§ **Brief**
The whole listing that follows is to be restated word for word, images excluded.

§ **Exercise data**
◇ ◇ ◇ ◇ ◇
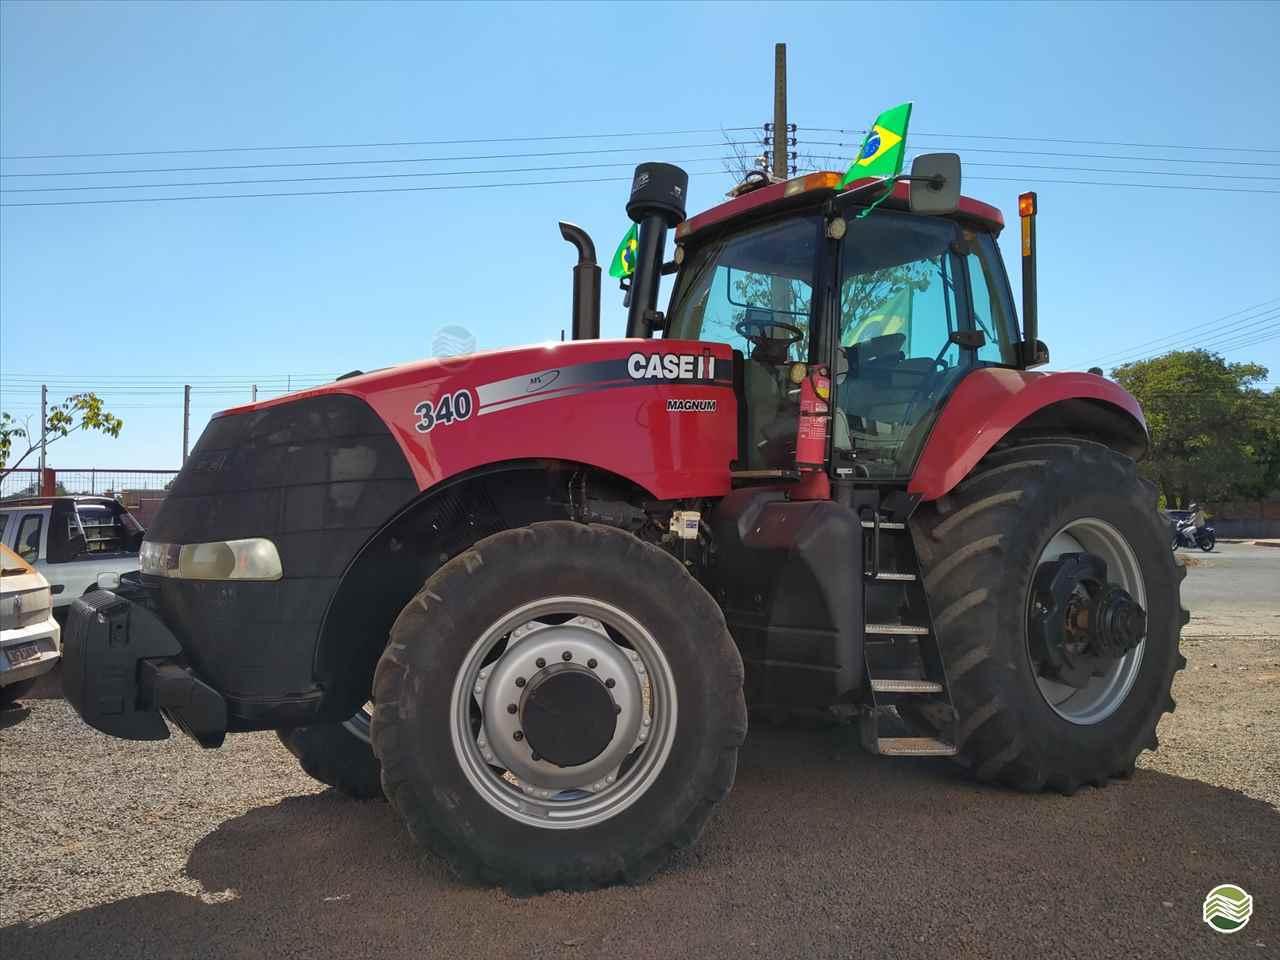 TRATOR CASE MAGNUM 340 Tração 4x4 Gomagril Máquinas Agrícolas TANGARA DA SERRA MATO GROSSO MT
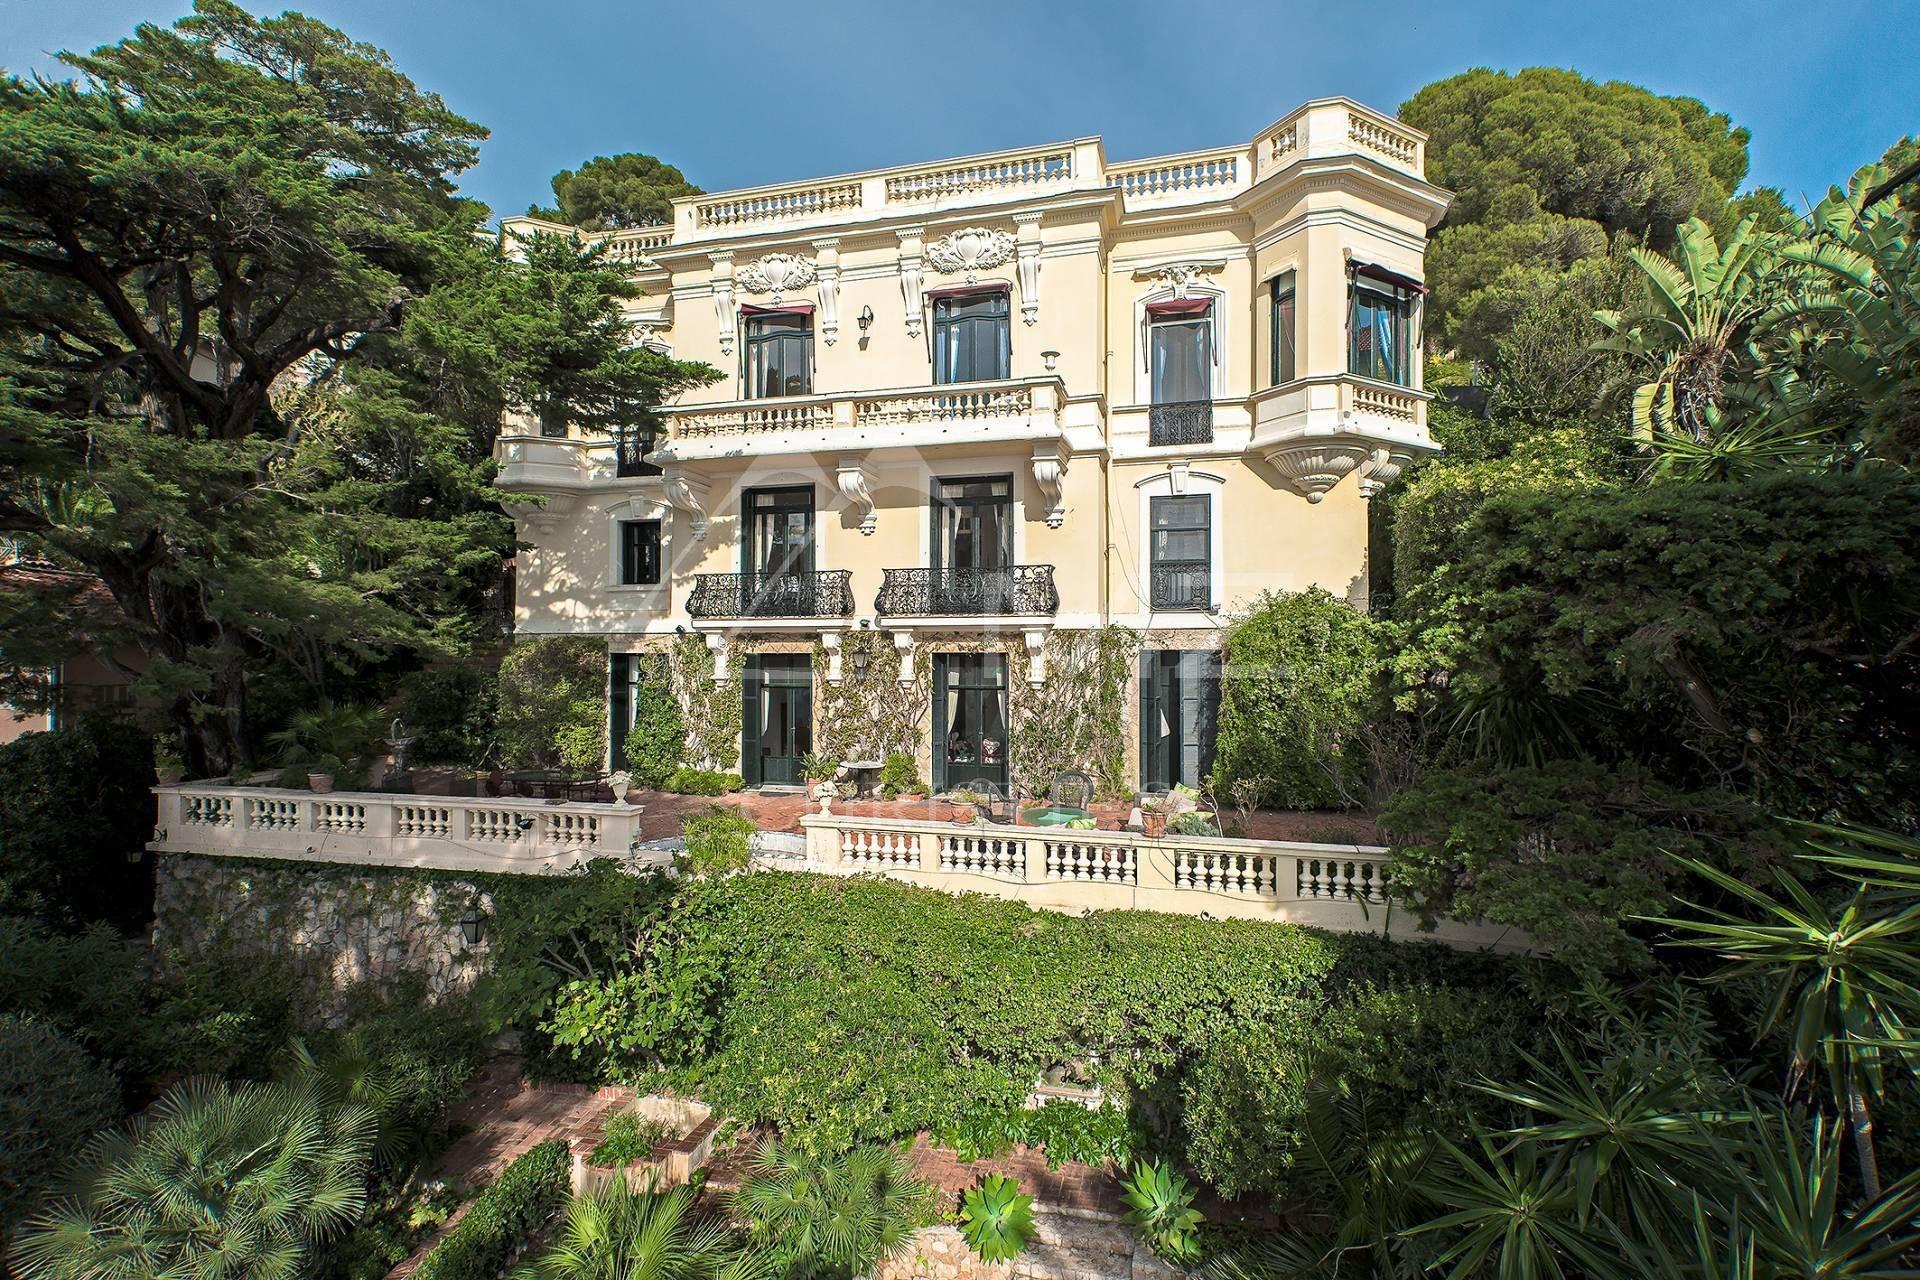 Villa in Cap-d'Ail, Provence-Alpes-Côte d'Azur, France 1
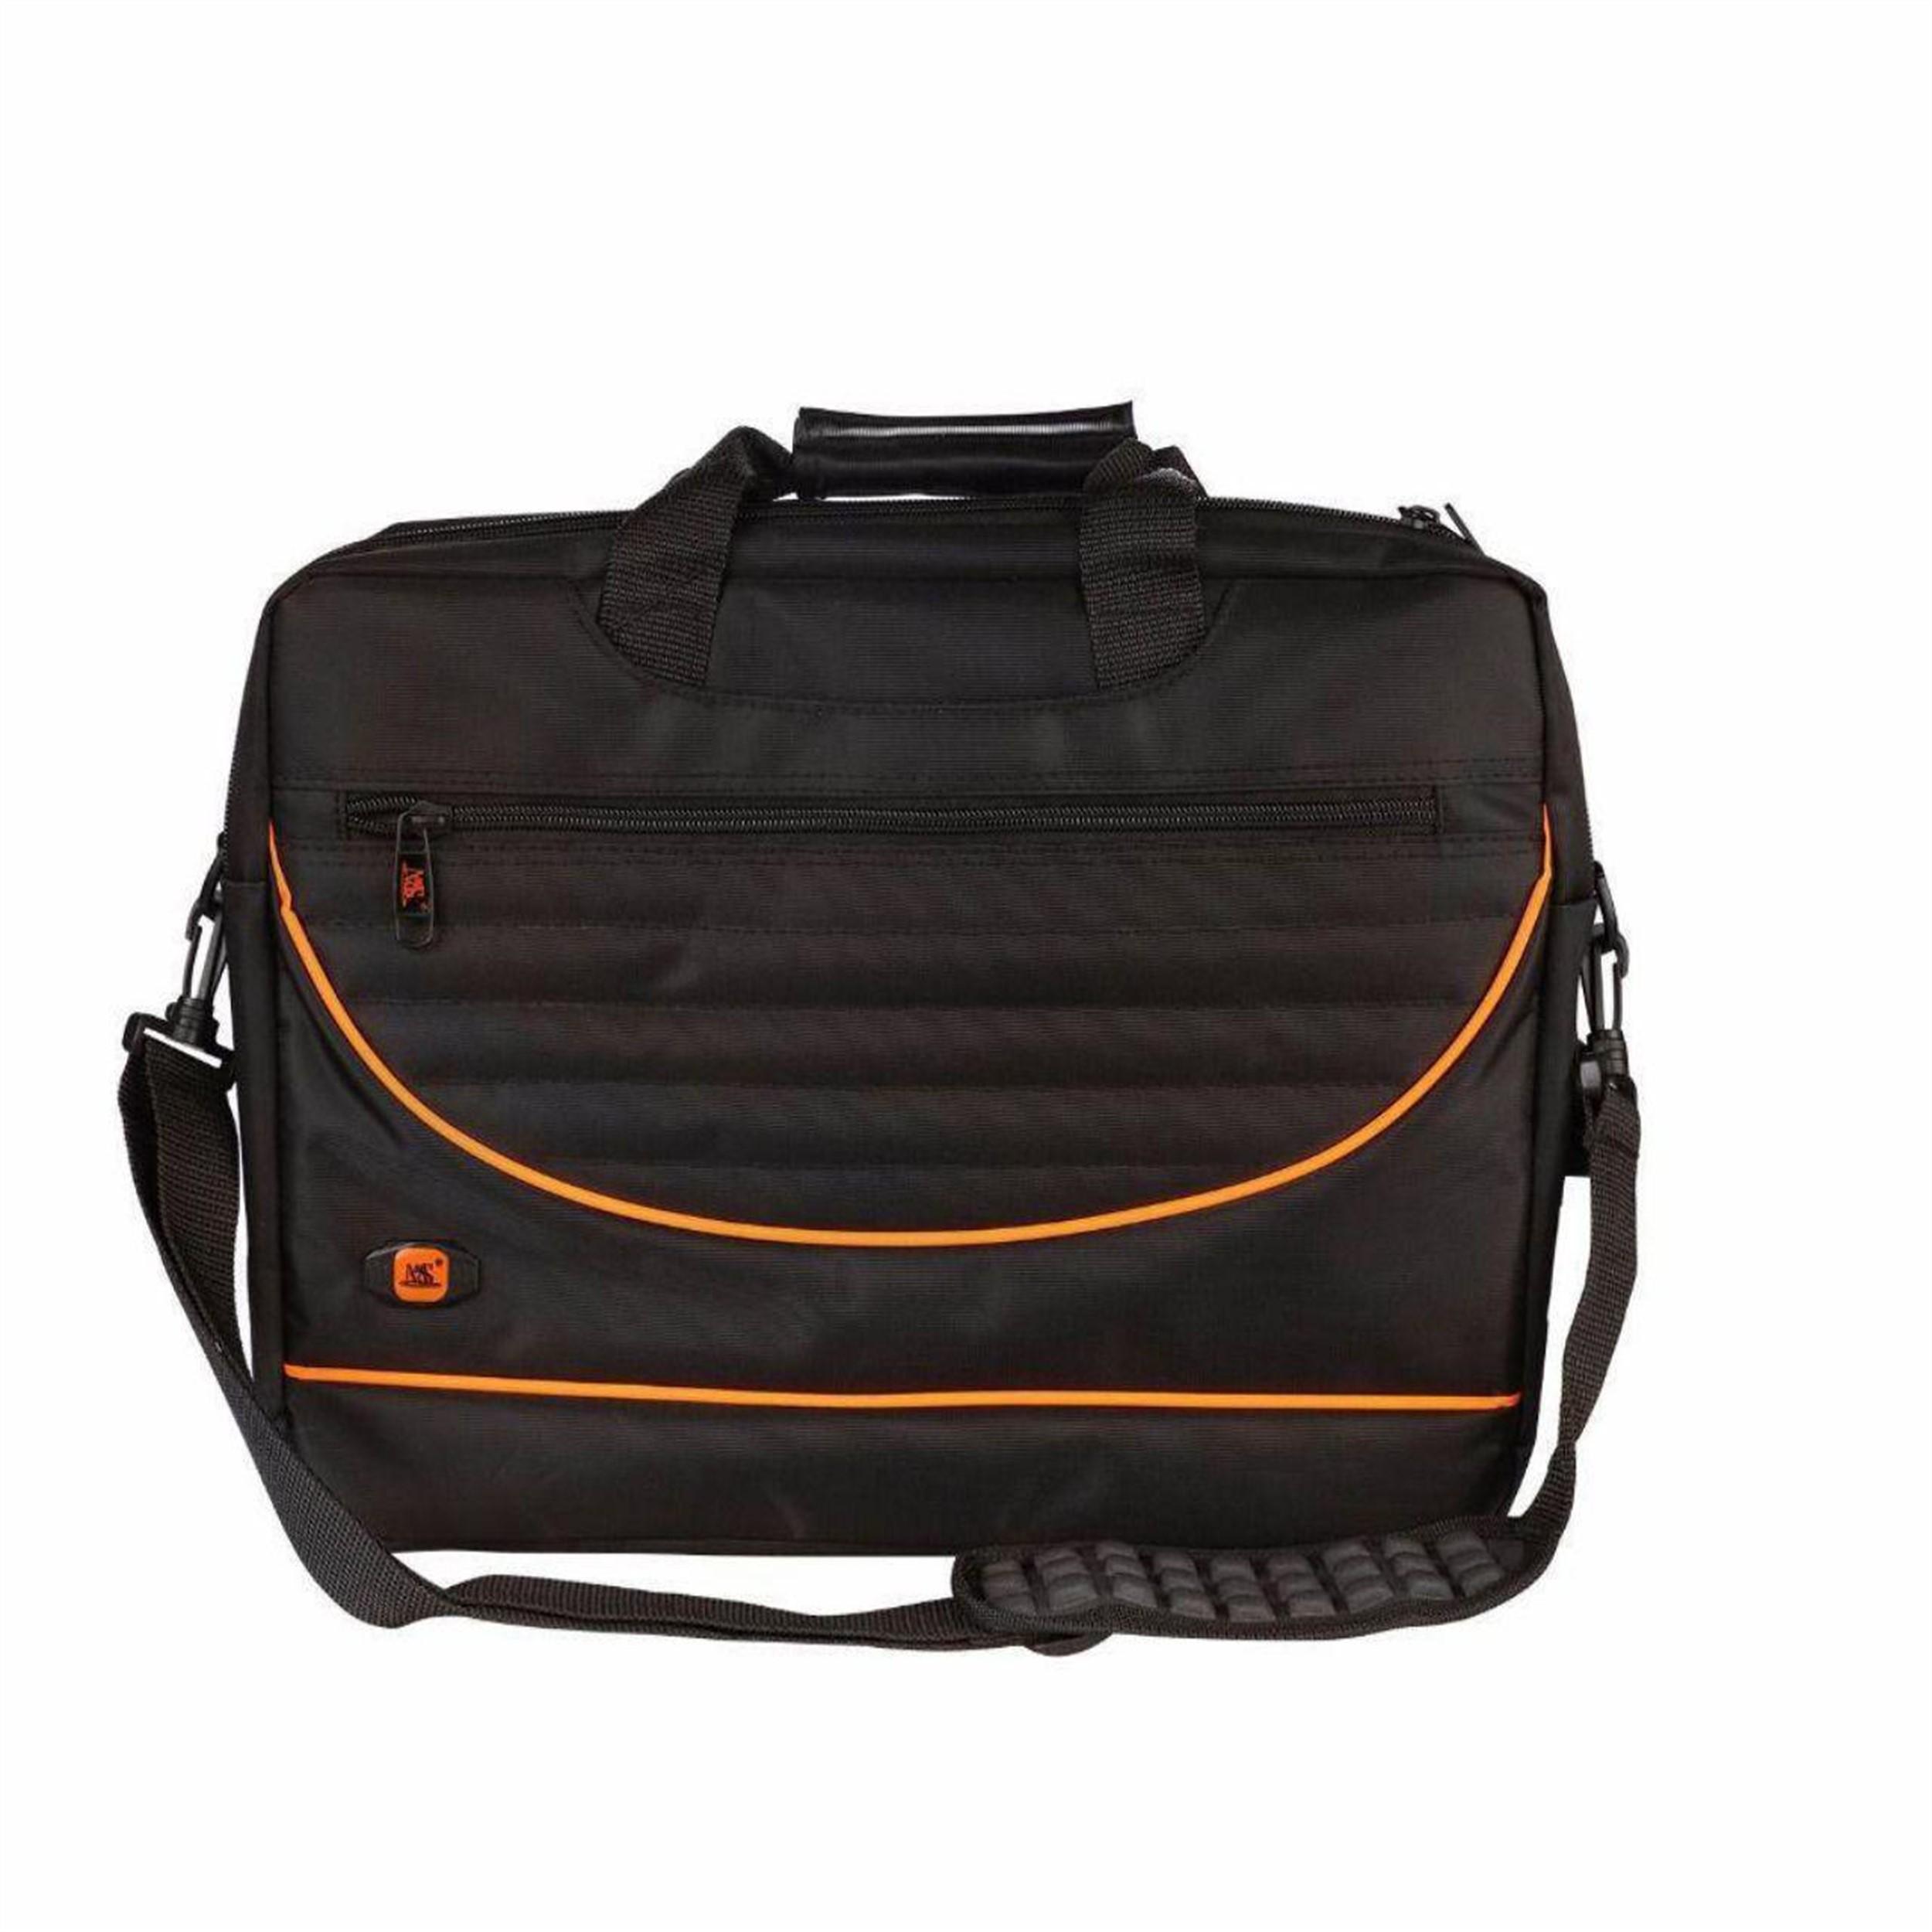 کیف لپ تاپ ام اند اس مدل8719 مناسب برای لپ تاپ 15.6 اینچی
◇ ◇ ◇ ◇ ◇
§ **Response below**
 TRATOR CASE MAGNUM 340 Tração 4x4 Gomagril Máquinas Agrícolas TANGARA DA SERRA MATO GROSSO MT
 Villa in Cap-d'Ail, Provence-Alpes-Côte d'Azur, France 1
 کیف لپ تاپ ام اند اس مدل8719 مناسب برای لپ تاپ 15.6 اینچی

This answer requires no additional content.